Now if you get a few lines out of her you should be able to detect if she’s just small talking you like Old Bill sat in the corner with his pipe. As it starts to get busier if locals come in, you’ll get to know if she’s flirt or just a nice lass.
Now if it’s a trendy bar it’s going to be harder. You need to pop in with a mate and have yourself a drink, maybe a bottle. “Get yourself one, hun” and look away while she thinks “awww bless him” or “mug”. Don’t stare at her and get all excited if she says “thanks”, just make out it’s the thing you do when you go out and that it’s no big deal right because you’re a nice lad right?!
Whatever kind of pub, if you go in half a dozen times you should be able to find out what she’s like without having to stalk her.
Now if you don’t want all the bullshit of visiting back and forth, maybe it’s not close to home or work for example, go for the good old fashioned route… flowers. But you have to be careful not to be tacky. Probably the worst thing you can do is sign your name, “an admirer” can be teasing and fun.

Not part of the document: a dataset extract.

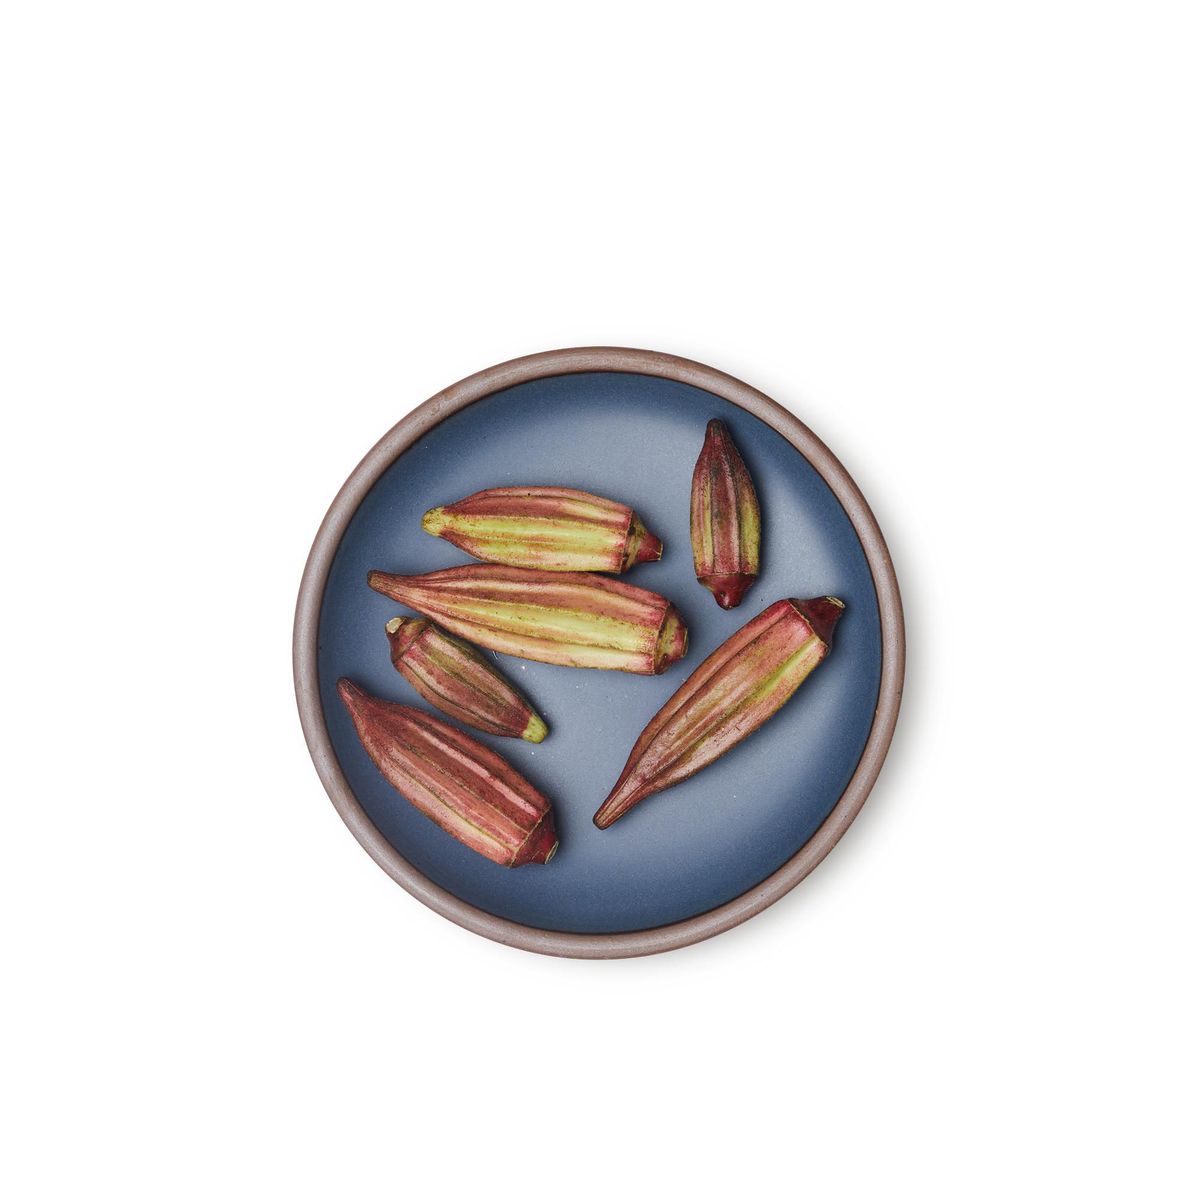 Okra on a medium sized ceramic plate in a toned-down navy color featuring iron speckles and an unglazed rim.

Leave it a while and then you can, if you’re on talking terms a bit later, make reference to admiriring people etc i.e. get the coincide stuff in (hint).
But you leave yourself open for ridicule if the flowers thing goes wrong so be easy. If it’s a bar you don’t usually go to and nobody knows you, you’re sound with that but if everyone knows you, it’s a bit of a gamble.
Now confidence is obviously a concern and regards looks, don’t put yourself down. Most good looking lads – with the exception of me – are w*nkers. Girls don’t like lads that are up their own a*rse.
I can pull a bird no problem even at 20 stone (blog that ye fecker), especially if in the company of other lads. If we go out in a group, I’m the one that does the talking. Why? I’m not the best looking and I certainly don’t have the body but I have the gift of the gab. I’m cheeky and I use the odd joke etc but not like a loud comedian or it will put them off ya.
Now you see my style is this. I’d get to know her little as a customer. Then when you’re on first name terms I’d lean on the bar and start coming out with “God… if only I was a fit lad… maybe then you’d marry me eh” – I’d then shake me head and look all sad but in a daft way to make her laugh.
Trust me, Dunk knows best…
She works in a bar right so she’s used to d*ckheads so you have to distance yourself from the “get your coat you’ve pulled” brigade. If someone’s been a cocky tw*t and she’s working.. get your drink and say to her (in reference to the d*ckehead) “I remember when I had my first drink”, hopfully she’ll laugh.. if she doesn’t she’s a miserable fecker.
Laugh, mock or put me down… it always works for me. Be yourself. Have a laugh but don’t be so serious. Be a d*ck and she’ll elbow you before you’ve started.
Now if you find out she’s a tart, just give her one if that’s your thing.
I must be getting old because I’d rather have an ice cold pint and a 5-1 winner than have a sh*g.
Although saying that I was in a bar in Durham with a mate a few weeks back… this lovely lass behind the bar… God she was nice.. I says to her “Please could you call the police?”
She asked why I said “Because I’m getting old and I really shouldn’t be thinking the things I am about you… I’ve decided it would be safer all round if I was locked up”.
She wet herself and we had a good laugh and a joke. Now if you carried that kind of line off with attitude you’d come across as a d*ck…. but say it innocently and not seedy i.e. make it fun, and everyone gets a laugh even if it’s at your expense.
If you really think you’re not all that I’d say that to the lasses. I’m a fat c*nt so I poke fun at meself all the time to which I get “awwww… don’t say that you’re lush you” and I just go all daft and say “yeh.. I suppsoe I’m the man really”… be daft and if she can’t take a joke, feck her. That statement applies to everyone in life.
(And another shout out to us. Thanks Dunk. You seem to have a rare form of Tourettes. We’ve never had so many high-quality laughs in one week. Keep ’em coming. Yesterday was our new record for hits by the way.)